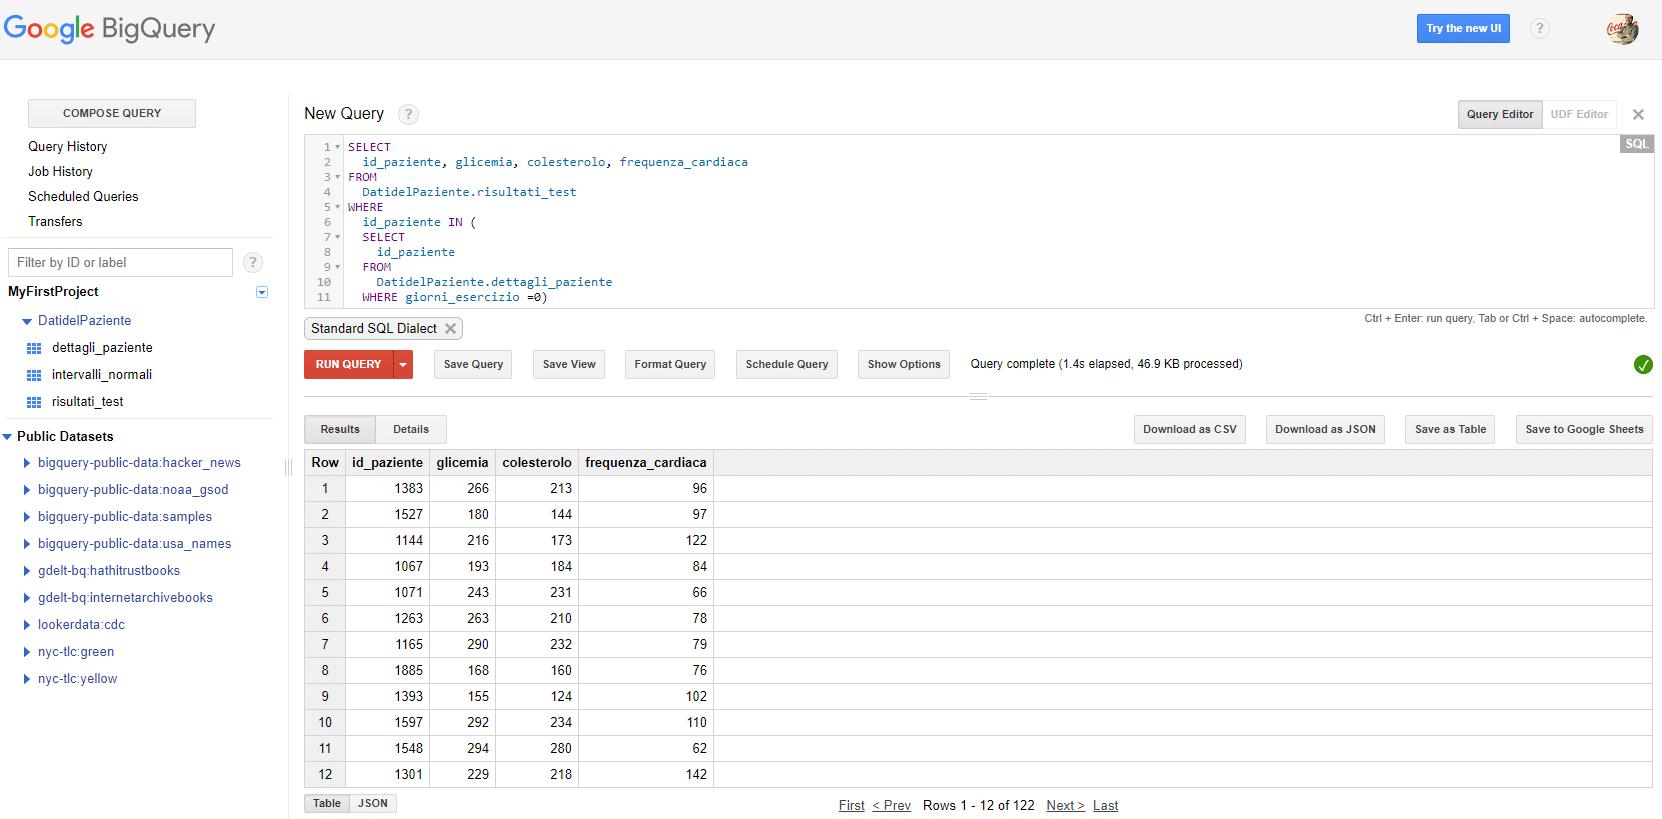 Join e subquery SQL di Google BigQuery - Esempio di join e
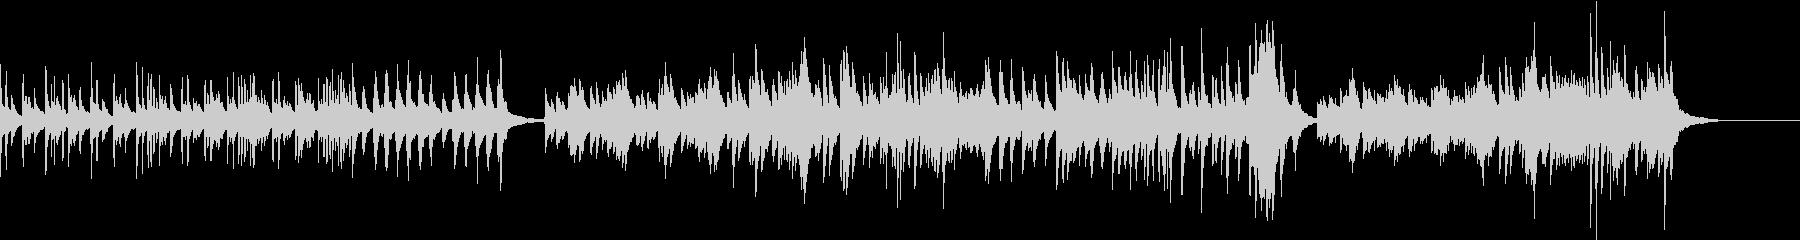 和風で少し切ないテンポ良い琴のソロ曲の未再生の波形
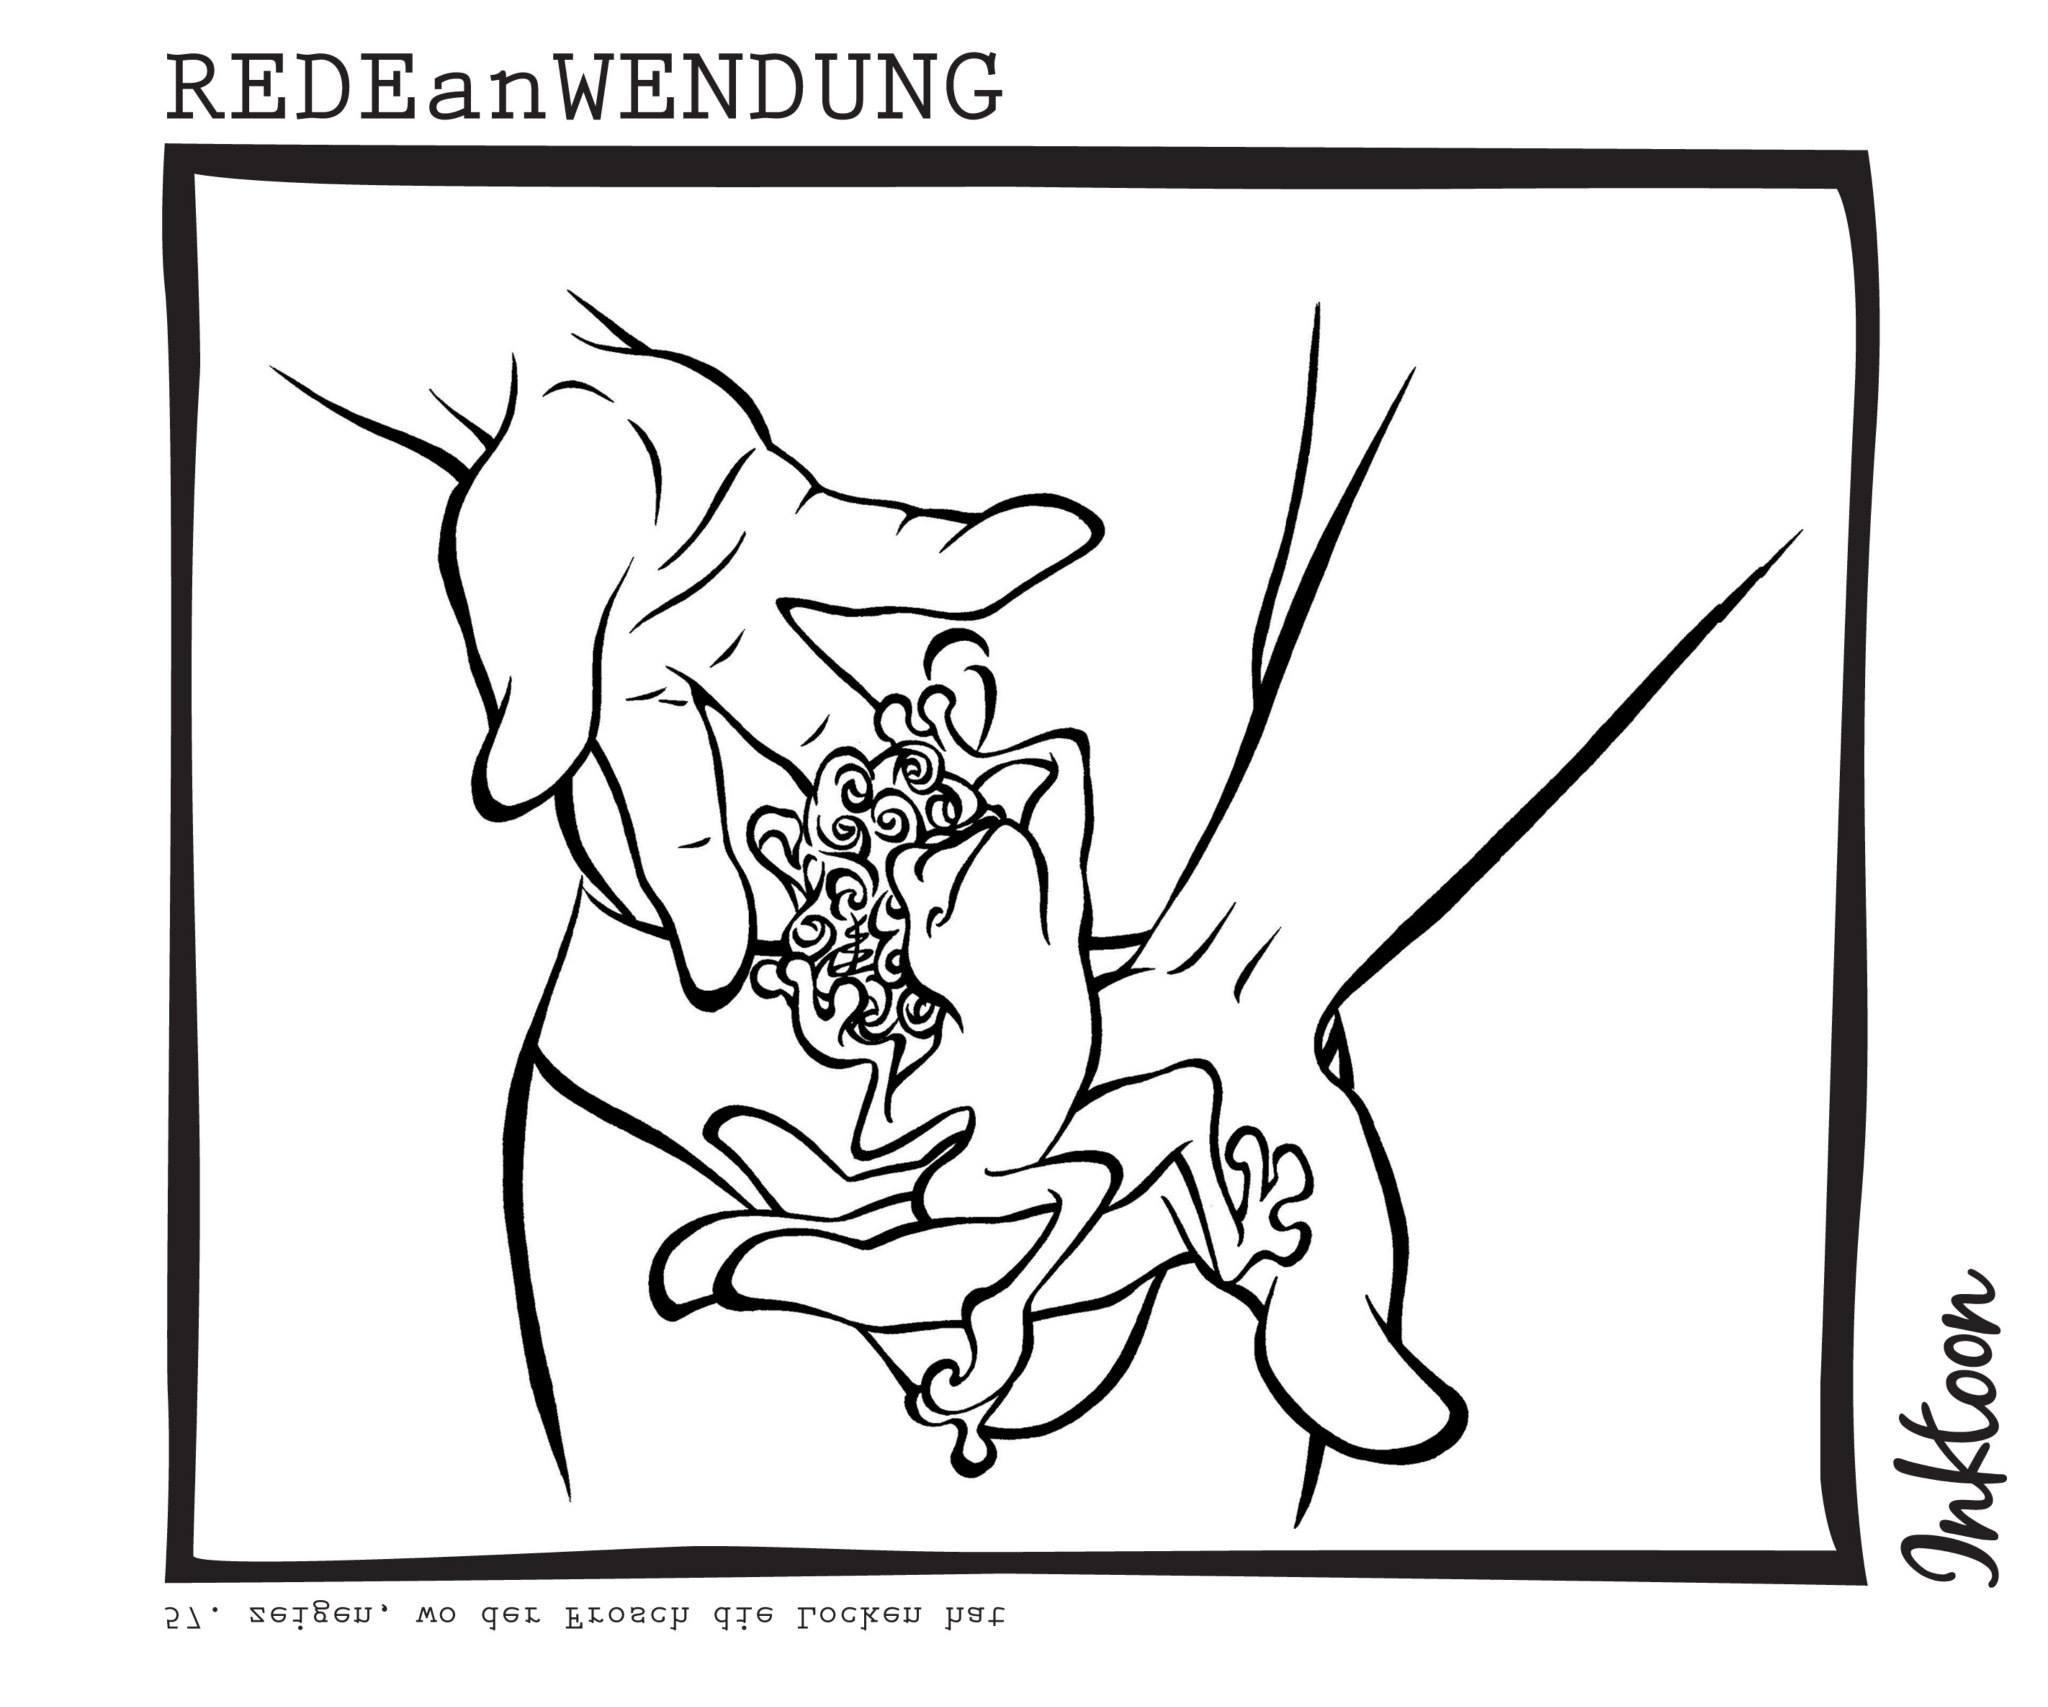 zeigen wo der Frosch die Locken hat plumpe Anmache Redewendung Redeanwendung Bilderrätsel toon inktoon Illustration Grafik Sprichwort Bild

* Task description
Copy only the lines running from the one that holds "和風で少し切ないテンポ良い琴のソロ曲の未再生の波形" through the last line of the data, and include both of those lines. Do not copy any pictures.

* Solution to the exercise
 和風で少し切ないテンポ良い琴のソロ曲の未再生の波形
 zeigen wo der Frosch die Locken hat plumpe Anmache Redewendung Redeanwendung Bilderrätsel toon inktoon Illustration Grafik Sprichwort Bild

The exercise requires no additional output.